* **EXERCISE AIM**
In the records below, find every line that contains "mattress" and list it.

────────

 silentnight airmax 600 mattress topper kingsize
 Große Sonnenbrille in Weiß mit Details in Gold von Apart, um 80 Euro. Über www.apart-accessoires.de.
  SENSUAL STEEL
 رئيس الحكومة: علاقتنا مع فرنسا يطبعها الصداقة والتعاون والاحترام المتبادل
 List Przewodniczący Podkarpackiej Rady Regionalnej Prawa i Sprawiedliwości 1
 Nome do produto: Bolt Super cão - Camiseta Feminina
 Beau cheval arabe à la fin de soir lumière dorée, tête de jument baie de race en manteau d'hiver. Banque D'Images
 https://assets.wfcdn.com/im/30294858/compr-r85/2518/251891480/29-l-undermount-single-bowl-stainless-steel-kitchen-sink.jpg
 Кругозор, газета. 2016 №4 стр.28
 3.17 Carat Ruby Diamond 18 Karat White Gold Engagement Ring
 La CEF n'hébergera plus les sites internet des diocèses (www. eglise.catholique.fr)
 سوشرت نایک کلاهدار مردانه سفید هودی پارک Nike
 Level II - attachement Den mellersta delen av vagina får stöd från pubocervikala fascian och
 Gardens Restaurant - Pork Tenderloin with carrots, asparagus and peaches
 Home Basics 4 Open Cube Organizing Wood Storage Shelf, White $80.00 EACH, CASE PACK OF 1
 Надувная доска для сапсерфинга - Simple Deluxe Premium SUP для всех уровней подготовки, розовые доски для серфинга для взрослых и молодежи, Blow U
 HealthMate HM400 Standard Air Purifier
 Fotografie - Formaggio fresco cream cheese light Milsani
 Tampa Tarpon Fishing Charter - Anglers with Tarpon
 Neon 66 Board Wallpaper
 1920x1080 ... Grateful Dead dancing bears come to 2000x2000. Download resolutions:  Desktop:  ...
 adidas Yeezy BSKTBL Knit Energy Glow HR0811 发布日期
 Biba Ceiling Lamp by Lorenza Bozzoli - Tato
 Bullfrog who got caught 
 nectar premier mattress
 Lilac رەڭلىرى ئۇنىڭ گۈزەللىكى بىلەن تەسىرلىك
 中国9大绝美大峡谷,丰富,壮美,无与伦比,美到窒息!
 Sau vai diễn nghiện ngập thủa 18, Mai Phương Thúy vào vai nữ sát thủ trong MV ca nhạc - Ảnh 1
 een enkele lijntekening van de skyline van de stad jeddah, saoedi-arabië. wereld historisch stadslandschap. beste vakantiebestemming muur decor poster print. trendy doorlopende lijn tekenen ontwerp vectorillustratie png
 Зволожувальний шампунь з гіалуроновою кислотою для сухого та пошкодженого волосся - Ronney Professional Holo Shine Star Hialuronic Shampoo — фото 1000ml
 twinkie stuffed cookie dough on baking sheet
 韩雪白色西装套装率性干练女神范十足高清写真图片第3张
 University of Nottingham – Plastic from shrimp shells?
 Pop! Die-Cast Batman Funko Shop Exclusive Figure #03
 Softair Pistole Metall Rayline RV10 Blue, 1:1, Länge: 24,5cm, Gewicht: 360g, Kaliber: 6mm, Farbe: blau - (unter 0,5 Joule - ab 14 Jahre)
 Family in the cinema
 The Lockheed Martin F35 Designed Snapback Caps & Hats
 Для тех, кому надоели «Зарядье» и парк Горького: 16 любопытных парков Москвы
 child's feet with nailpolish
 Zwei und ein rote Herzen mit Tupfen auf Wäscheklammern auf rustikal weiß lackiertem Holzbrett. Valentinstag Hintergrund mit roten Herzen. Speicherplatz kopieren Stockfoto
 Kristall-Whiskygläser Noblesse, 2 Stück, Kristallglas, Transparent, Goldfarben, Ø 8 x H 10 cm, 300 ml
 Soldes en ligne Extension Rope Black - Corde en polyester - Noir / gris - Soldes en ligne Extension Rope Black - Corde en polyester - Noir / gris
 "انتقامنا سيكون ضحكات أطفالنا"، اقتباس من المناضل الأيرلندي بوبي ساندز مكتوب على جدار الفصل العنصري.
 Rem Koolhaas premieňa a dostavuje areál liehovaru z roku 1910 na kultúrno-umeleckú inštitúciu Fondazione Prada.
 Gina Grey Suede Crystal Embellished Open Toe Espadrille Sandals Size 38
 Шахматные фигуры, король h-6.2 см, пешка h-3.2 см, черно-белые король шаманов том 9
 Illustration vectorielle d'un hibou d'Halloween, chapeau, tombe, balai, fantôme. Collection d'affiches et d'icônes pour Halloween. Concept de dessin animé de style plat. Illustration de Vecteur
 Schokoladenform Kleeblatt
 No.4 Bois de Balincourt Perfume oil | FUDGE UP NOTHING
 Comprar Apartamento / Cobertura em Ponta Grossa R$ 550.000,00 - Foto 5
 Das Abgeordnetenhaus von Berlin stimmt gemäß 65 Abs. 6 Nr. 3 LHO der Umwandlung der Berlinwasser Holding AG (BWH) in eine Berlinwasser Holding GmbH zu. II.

────────

* **WRITTEN SOLUTION**
 silentnight airmax 600 mattress topper kingsize
 nectar premier mattress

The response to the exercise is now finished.